Fig. 1 Experimental and theoretical CCSs of LNnH and LNH. (a) Arrival time distributions (ATDs) of an equimolar mixture of LNnH and LNH as sodium adducts (top) and deprotonated ions (middle and bottom). [M + Na]⁺ ions have similar drift times and cannot be distinguished via IM-MS, while baseline separation is achieved for [M − H]⁻ ions. The asterisk indicates a synthetic impurity, which is present in both synthetic standards, but is not present in samples extracted from human milk (HMO, bottom). (b) Theoretical CCSs and lowest energy structures of LNnH and LNH as sodiated (top), neutral (middle) and deprotonated species (bottom). Theoretical CCSs were computed using the PA method.^6,7 Experimental CCSs are shown as coloured bars; the width of each bar corresponds to the typical CCS error of approximately 1.5%. In the model structures, the reducing end lactose moiety is depicted in white; the disaccharides at the 3 and 6 antennae are shown in black and grey, respectively.

Baseline separation of LNH and LNnH can be achieved for deprotonated species [M − H]⁻, but is this a general phenomenon that can be applied in routine analysis? This question is currently difficult to answer due to the lack of systematic IM-MS data of deprotonated isomers. To test this hypothesis at least in part, we analysed the structurally-related set of milk tetrasaccharide isomers lacto-N-tetraose (LNT) and lacto-N-neo-tetraose (LNnT). Also here, a similar dependence between metal adduction/deprotonation and IM-MS separation was observed. The CCSs of the [M + Na]⁺ ions of LNT and LNnT are comparable (Table 1) whereas the [M − H]⁻ ions are baseline separated and differ in CCS by over 7% (Fig. S6, ESI†). Changing the drift gas from nitrogen to helium, which for smaller molecules was shown to significantly affect the separation,²¹ yielded similar trends (Fig. S7, ESI†).

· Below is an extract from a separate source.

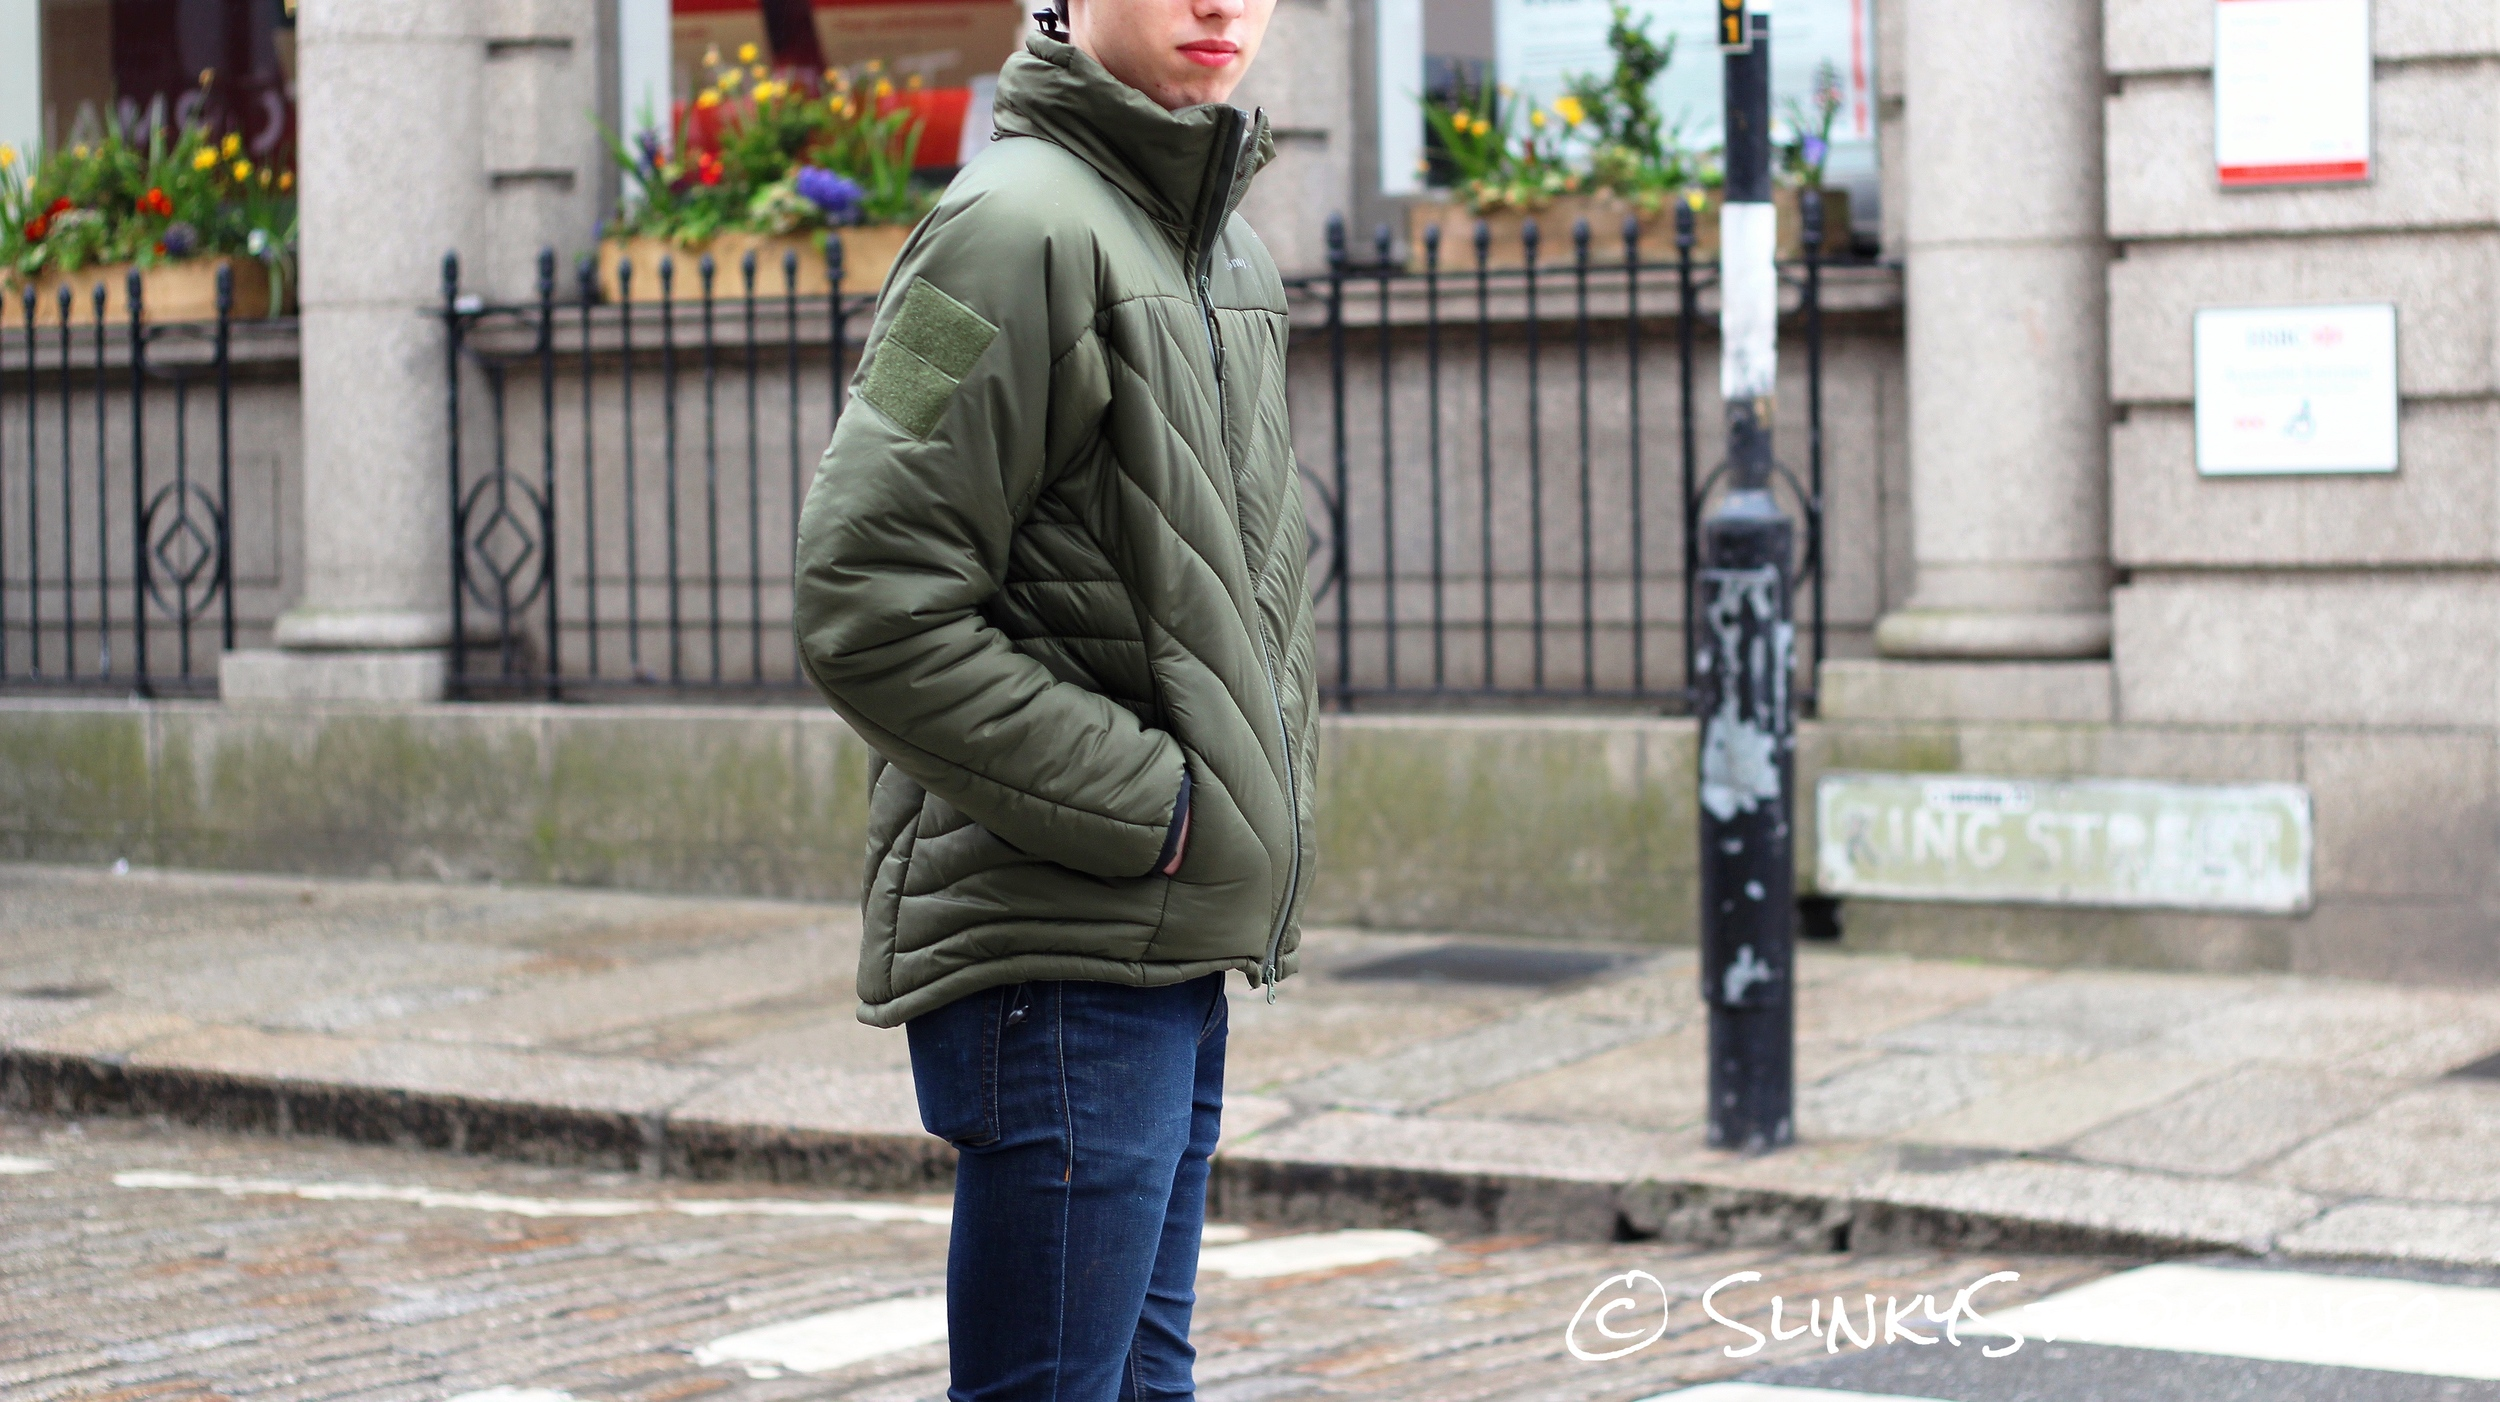 Snugpak SJ6 Jacket Walking Truro Cornwal .jpg
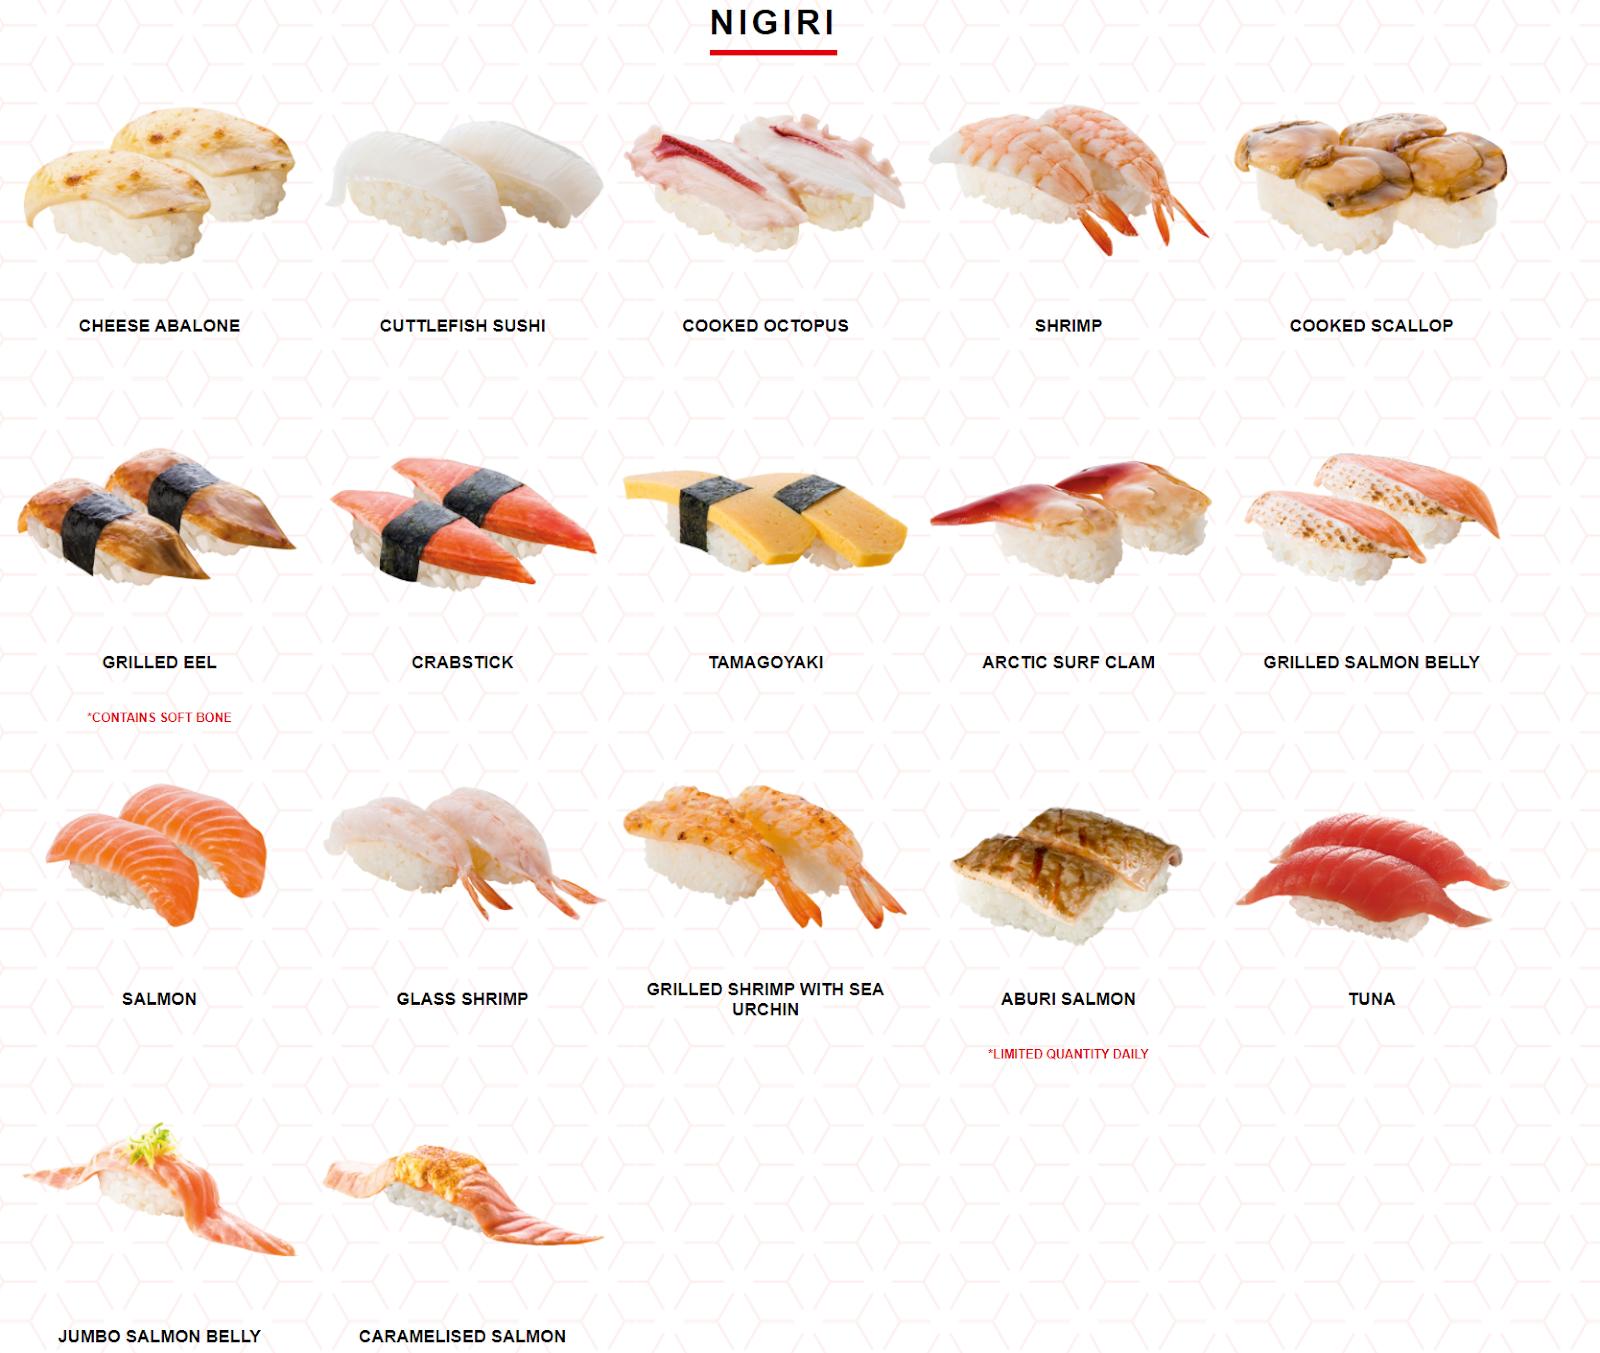 4ORe5DibGXbZO2 ntSUOLcy KVKL0uQ01Denzz8UxMUJ4HjjWSPe2auskRLwNDwX2wM45hwVV4nyQFHf4ysVPjhBh0VxoXI3Bvuc1c0694daP4cuMdti23xEr1xmOqs qe1dpW6  - [2021]Sushi Express Singapore Review | Ultimate Order Hacks

The observed difference in drift time and CCS of the deprotonated species in LNH/LNnH and LNT/LNnT strongly suggests different gas-phase structures of the individual isomers. To investigate this in detail, we performed computer simulations and generated candidate structures of the neutral and sodiated species of both isomeric pairs using Amber99 force field²² sampling. Next, density-functional theory geometry relaxations with FHI-aims²³ that utilize the PBE functional²⁴ augmented with a pairwise correction for long-range van der Waals forces²⁵ (PBE + vdW) were employed. For the resulting minima structures, CCSs were computed employing the projection approximation (PA) method; qualitatively similar results were obtained using the more elaborate trajectory method (Fig. S9, ESI†).^6,7 Overall the experimental and theoretical CCSs of sodiated species of LNH and LNnH match (Fig. 2b and Table 1). In both cases [M + Na]⁺ ions adopt similar conformations that results from the attractive positive charge of the sodium cation that ‘captures’ as many of the oxygen atoms as sterically and energetically possible. Similar favourable electrostatics have also been observed for sodiated and lithiated peptides.²⁶ In both cases we also observe a global optimum that is separated by a relatively large energy gap (>10 kJ mol⁻¹) from the next stable conformers. In contrast to the good correlation between experimental and simulated LNH and LNnH [M + Na]⁺ CCSs, dissimilar results are found for the sodiated species of LNT and LNnT.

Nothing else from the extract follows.